Futuristisch, aber selten: Der i3 wird derzeit vor allem an Händler als Vorführwagen ausgeliefert.

(Foto: Imago)

DüsseldorfAllein die Werbekampagne versprach nicht weniger als eine Revolution. Im Fernsehen, im Internet und auf Plakatwänden warb BMW im vergangenen Jahr bei fast jeder Gelegenheit für ein kleines futuristisches Gefährt, das so wenig mit seinen Konzernbrüdern gemein hatte und ihnen doch so weit voraus sein sollte. Doch auch ein Jahr nach seinem Marktstart ist der i3 auf den Straßen allerdings immer noch ein absoluter Exot. 

Beim detaillierten Blick auf die Zahlen kann das kaum überraschen. Laut Zulassungsstatistik wurden in Deutschland von Januar bis September 1869 Exemplare des i3 verkauft. Damit hat der Elektroflitzer einen Marktanteil von etwa 0,08 Prozent. Und ein großer Teil dieser Fahrzeuge geht nicht einmal an die Kunden, sondern wird von Händlern als Vorführ- und Ausstellungswagen gebraucht.

Was aussieht wie ein Fehlstart, ist tatsächlich längst einkalkuliert. Für BMW-Chef Reithofer ist der „Project i“ ein Marathon – vergleichbar mit dem Übergang von der Kutsche zum Automobil. Kaum ein Fahrzeug in der Geschichte von BMW ist jemals so umfangreich beworben worden wie der i3, keines wurde so aufwendig entwickelt.

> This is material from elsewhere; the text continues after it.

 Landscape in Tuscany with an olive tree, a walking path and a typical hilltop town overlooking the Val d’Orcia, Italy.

Der Kompaktwagen mit Elektroantrieb soll der Vorbote eines Umbruchs bei Deutschlands erfolgreichstem Premiumautobauer sein. Ein Umbruch, der im Jahr 2007 begann. Mit einem Milliardenetat und bis zu 200 Mitarbeitern entwickelten die Münchener die Grundlage für die Submarke „BMW i“. Mittlerweile hat man sich die Rechte an den Bezeichnungen von i0 bis i9 gesichert. Der i3 ist nur ein Vorbote. 

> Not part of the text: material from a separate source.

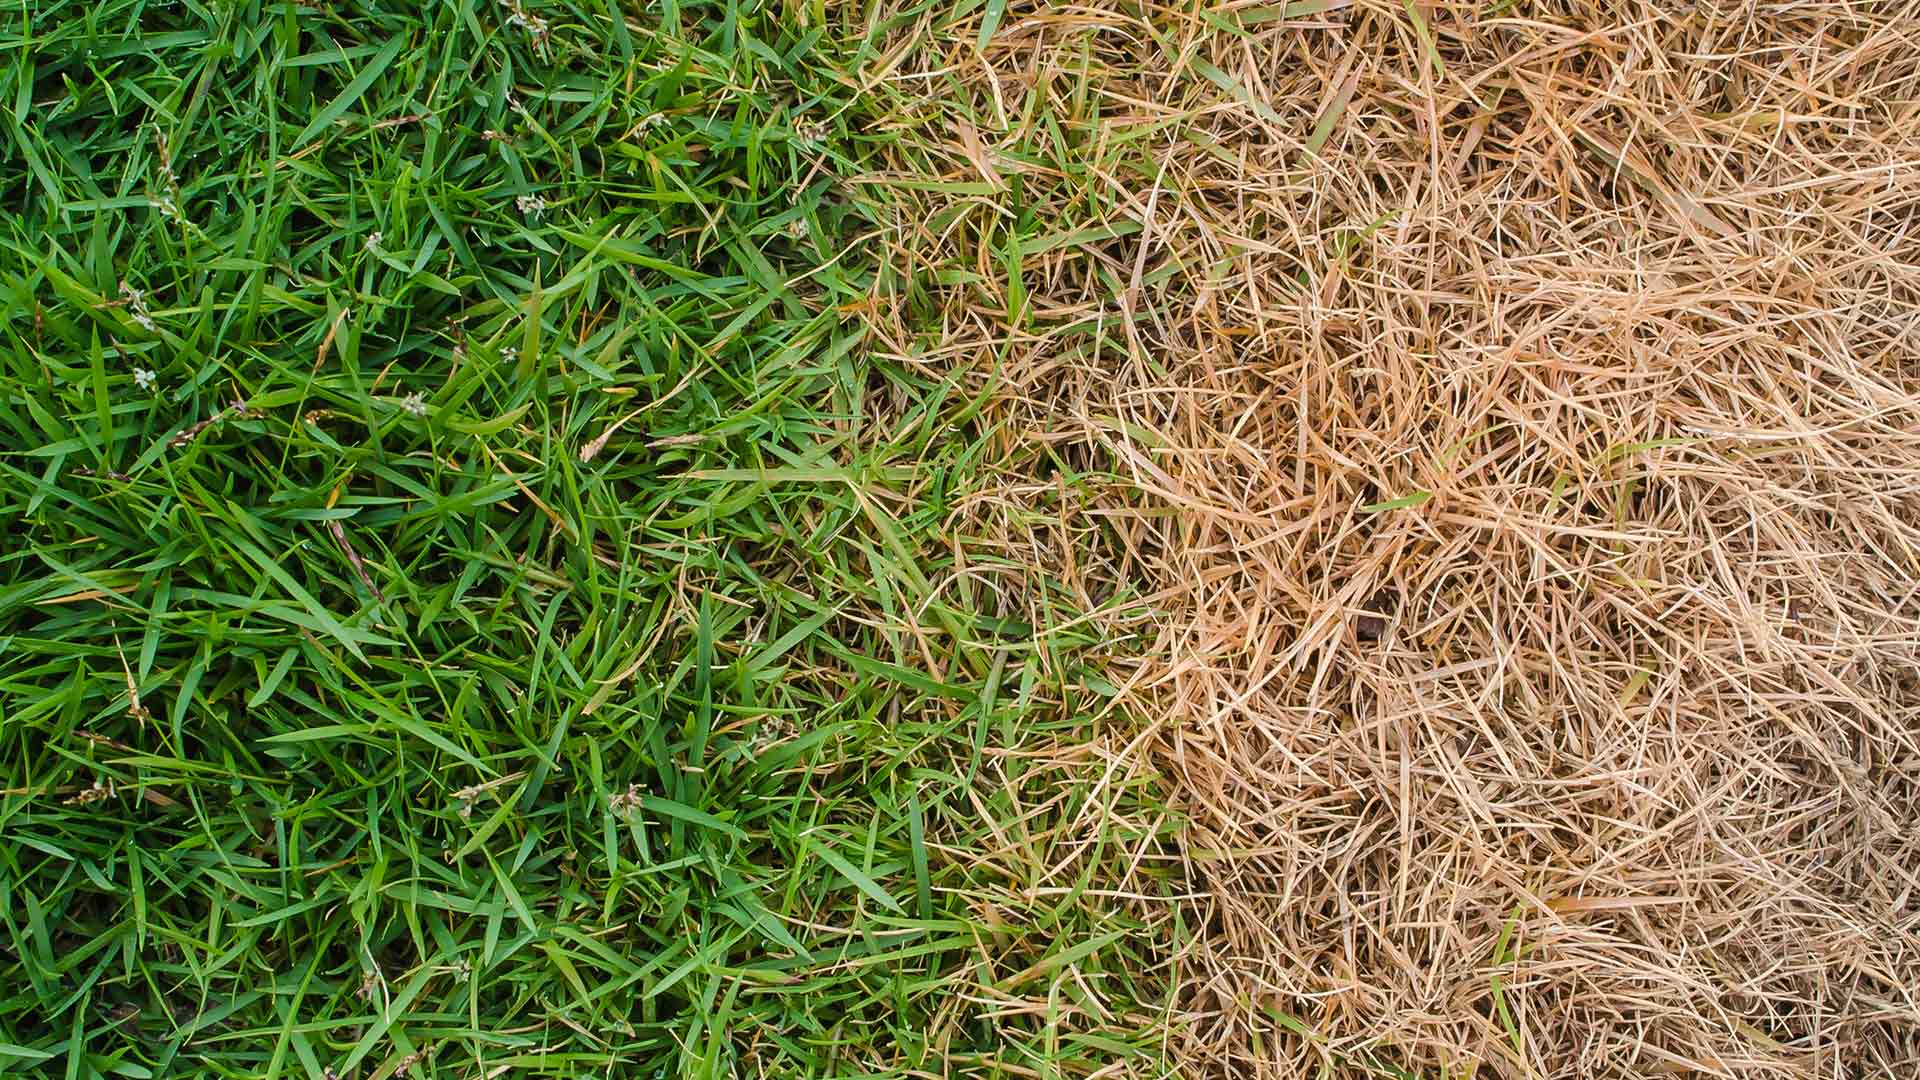 Fertilizing Your Own Lawn Can Be a Big Mistake - Always Hire Pros!

Und er ist vor allem ein internationales Projekt. Auch wenn die Nachfrage aus deutscher Perspektive erst einmal gering erscheint: In China und den USA dürfte der i3 schon bald einen signifikanten Anteil  an den Zulassungen haben. Schon in diesem Jahr hat der Konzern in den ersten neun Monaten in den USA 3104 Fahrzeuge verkauft. Seit Mitte des Jahres wird das Modell auch in China und Japan verkauft, was dem Absatz einen zusätzlichen Schub gegeben hat. In den chinesischen Metropolen werden Elektroautos bei der Zulassung bevorzugt behandelt. „Im Moment haben wir mehr Kundenanfragen, als wir bei der derzeitigen Produktionskapazität liefern können - das gilt für i8 und i3“, hatte Konzernchef Reithofer im April erklärt. Tatsächlich muss man vier Monate warten, wenn man einen i3 bestellt.

Darum schraubte der Konzern Mitte des Jahres 2014 auch die Produktion in Leipzig von 70 auf 100 Fahrzeuge pro Tag hoch. Insgesamt 20.000 i3 sollen das Leipziger Werk bis zum Jahresende verlassen. Zum Vergleich: Das derzeit erfolgreichste Elektroauto der Welt, der Nissan Leaf, hat sich seit seinem Produktionsstart im Jahr 2010 rund 140.000 Mal verkauft.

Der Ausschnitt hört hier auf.